§ TASK INSTRUCTIONS
Your answer should hold every line of the records below that contains the string "Deutschland".

►

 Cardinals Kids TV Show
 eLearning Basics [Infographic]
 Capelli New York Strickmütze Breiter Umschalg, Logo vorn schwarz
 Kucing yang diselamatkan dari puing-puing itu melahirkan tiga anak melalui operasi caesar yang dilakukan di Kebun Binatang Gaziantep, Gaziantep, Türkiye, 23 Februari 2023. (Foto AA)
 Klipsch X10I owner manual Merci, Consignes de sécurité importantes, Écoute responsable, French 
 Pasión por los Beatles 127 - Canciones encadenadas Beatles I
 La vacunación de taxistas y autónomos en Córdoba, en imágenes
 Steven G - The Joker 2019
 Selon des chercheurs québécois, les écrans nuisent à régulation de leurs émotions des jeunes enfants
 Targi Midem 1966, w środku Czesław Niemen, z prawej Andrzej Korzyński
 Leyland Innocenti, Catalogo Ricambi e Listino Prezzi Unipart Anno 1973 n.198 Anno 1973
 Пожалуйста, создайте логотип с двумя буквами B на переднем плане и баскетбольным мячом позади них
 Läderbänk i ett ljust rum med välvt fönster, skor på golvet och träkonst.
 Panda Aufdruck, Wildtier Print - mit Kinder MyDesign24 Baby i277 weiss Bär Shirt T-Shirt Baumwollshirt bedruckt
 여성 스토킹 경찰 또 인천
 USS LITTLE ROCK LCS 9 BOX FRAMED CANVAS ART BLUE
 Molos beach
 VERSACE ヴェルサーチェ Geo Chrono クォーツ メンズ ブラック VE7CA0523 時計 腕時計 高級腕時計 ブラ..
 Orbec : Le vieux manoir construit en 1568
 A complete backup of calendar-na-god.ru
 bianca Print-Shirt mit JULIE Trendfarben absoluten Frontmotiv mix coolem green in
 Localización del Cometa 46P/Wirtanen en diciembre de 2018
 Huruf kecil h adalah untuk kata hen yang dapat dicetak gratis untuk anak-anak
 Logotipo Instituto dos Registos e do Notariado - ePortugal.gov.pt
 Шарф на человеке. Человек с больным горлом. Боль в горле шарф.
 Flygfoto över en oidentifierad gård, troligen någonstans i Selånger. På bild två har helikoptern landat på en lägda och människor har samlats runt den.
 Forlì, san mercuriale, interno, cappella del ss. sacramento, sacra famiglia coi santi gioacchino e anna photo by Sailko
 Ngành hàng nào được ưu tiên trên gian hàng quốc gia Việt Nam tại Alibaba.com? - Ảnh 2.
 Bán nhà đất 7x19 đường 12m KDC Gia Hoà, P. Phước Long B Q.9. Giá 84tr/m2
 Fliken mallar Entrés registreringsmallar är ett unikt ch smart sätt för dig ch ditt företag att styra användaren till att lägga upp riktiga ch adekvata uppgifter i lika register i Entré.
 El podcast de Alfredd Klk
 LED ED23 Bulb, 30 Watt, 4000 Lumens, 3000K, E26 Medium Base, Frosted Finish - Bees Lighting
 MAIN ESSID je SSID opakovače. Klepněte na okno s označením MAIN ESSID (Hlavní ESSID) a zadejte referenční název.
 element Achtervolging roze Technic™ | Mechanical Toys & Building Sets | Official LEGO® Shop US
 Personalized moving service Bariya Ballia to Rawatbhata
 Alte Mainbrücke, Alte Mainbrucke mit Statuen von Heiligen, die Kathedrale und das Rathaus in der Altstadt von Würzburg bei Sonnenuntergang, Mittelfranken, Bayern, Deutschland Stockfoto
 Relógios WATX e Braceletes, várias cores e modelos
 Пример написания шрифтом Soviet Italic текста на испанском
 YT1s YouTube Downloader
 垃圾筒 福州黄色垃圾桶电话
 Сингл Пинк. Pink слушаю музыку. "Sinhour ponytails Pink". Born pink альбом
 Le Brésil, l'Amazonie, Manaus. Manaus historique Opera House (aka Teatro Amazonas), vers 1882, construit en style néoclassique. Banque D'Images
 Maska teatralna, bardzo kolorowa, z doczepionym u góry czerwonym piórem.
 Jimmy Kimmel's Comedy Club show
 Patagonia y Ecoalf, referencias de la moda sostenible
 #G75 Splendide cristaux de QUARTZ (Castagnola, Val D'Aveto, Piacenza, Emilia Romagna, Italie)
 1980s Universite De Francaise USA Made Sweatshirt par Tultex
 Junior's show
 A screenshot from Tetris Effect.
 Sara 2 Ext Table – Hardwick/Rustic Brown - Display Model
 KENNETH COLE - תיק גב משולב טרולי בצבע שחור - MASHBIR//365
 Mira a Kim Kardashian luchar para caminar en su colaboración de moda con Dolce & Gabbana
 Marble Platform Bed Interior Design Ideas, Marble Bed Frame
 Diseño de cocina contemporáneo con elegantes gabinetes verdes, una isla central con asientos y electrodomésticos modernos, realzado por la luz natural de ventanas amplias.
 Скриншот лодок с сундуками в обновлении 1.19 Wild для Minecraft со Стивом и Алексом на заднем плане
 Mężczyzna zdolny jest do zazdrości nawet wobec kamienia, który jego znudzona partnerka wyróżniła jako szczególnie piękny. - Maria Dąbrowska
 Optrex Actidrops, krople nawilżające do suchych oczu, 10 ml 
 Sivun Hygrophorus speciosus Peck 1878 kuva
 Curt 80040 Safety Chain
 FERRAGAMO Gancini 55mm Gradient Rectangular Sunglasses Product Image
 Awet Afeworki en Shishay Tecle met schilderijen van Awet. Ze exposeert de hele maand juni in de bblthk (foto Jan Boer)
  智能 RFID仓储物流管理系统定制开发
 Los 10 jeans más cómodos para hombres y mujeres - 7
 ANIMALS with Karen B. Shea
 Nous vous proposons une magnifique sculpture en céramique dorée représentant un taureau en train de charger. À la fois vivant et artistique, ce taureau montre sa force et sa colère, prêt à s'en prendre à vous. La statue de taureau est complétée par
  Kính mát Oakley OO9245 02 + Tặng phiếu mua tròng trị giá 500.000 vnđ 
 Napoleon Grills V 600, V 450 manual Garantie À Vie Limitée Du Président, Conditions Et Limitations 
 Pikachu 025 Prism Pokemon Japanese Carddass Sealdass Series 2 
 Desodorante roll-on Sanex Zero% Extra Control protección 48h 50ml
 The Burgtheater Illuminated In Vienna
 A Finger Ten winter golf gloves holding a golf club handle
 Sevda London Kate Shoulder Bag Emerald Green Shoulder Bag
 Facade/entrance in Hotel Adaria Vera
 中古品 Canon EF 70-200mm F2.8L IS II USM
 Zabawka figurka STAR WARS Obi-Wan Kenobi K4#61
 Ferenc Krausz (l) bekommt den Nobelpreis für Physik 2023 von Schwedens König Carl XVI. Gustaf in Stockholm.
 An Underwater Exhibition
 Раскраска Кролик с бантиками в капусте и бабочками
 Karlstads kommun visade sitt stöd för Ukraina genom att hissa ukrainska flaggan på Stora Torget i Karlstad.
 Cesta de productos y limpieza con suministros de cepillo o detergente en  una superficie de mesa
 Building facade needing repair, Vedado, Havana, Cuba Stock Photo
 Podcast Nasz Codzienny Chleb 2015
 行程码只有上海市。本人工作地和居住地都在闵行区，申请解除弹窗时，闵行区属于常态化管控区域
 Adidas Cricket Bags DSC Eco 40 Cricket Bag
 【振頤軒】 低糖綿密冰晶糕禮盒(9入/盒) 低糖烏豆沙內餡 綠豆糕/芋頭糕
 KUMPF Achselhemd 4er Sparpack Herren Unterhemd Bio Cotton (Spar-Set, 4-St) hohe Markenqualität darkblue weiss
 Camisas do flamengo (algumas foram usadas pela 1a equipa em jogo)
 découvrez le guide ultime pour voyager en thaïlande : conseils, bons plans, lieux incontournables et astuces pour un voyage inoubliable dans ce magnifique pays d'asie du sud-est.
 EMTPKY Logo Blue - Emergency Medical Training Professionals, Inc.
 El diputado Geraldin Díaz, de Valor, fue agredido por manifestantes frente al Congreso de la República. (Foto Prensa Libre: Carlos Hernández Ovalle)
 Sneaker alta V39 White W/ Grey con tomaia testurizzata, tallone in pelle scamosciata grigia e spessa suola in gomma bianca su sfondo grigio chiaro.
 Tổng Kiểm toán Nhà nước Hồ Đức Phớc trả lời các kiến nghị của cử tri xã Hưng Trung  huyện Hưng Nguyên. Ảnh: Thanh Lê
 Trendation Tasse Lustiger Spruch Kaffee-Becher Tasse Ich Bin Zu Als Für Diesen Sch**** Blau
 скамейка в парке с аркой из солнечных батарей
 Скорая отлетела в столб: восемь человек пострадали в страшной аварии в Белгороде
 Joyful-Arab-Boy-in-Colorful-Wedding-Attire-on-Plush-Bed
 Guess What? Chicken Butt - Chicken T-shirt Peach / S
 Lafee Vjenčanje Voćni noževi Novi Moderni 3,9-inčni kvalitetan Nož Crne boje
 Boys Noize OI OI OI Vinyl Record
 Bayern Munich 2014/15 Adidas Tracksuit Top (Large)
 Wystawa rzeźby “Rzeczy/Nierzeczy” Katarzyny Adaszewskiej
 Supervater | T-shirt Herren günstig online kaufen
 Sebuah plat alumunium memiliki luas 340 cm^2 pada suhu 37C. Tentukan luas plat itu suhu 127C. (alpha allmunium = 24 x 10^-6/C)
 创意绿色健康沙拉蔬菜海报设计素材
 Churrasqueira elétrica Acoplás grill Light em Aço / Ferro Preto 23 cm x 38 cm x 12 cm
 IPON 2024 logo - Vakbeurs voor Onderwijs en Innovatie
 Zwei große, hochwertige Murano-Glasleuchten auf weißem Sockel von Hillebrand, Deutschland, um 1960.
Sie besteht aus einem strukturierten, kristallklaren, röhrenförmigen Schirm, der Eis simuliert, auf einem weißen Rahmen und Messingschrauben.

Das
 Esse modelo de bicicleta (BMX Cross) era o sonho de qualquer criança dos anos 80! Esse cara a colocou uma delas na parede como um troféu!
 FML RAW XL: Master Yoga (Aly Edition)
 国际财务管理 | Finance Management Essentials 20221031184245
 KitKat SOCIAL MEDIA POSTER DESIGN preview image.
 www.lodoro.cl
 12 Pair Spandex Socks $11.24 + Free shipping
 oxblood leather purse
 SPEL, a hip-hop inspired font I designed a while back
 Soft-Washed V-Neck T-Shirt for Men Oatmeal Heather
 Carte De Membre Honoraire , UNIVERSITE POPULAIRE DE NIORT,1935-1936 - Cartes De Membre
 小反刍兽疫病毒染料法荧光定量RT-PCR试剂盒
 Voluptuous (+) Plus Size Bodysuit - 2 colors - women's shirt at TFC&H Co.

◄

§ YOUR RESPONSE
 Alte Mainbrücke, Alte Mainbrucke mit Statuen von Heiligen, die Kathedrale und das Rathaus in der Altstadt von Würzburg bei Sonnenuntergang, Mittelfranken, Bayern, Deutschland Stockfoto
 Zwei große, hochwertige Murano-Glasleuchten auf weißem Sockel von Hillebrand, Deutschland, um 1960.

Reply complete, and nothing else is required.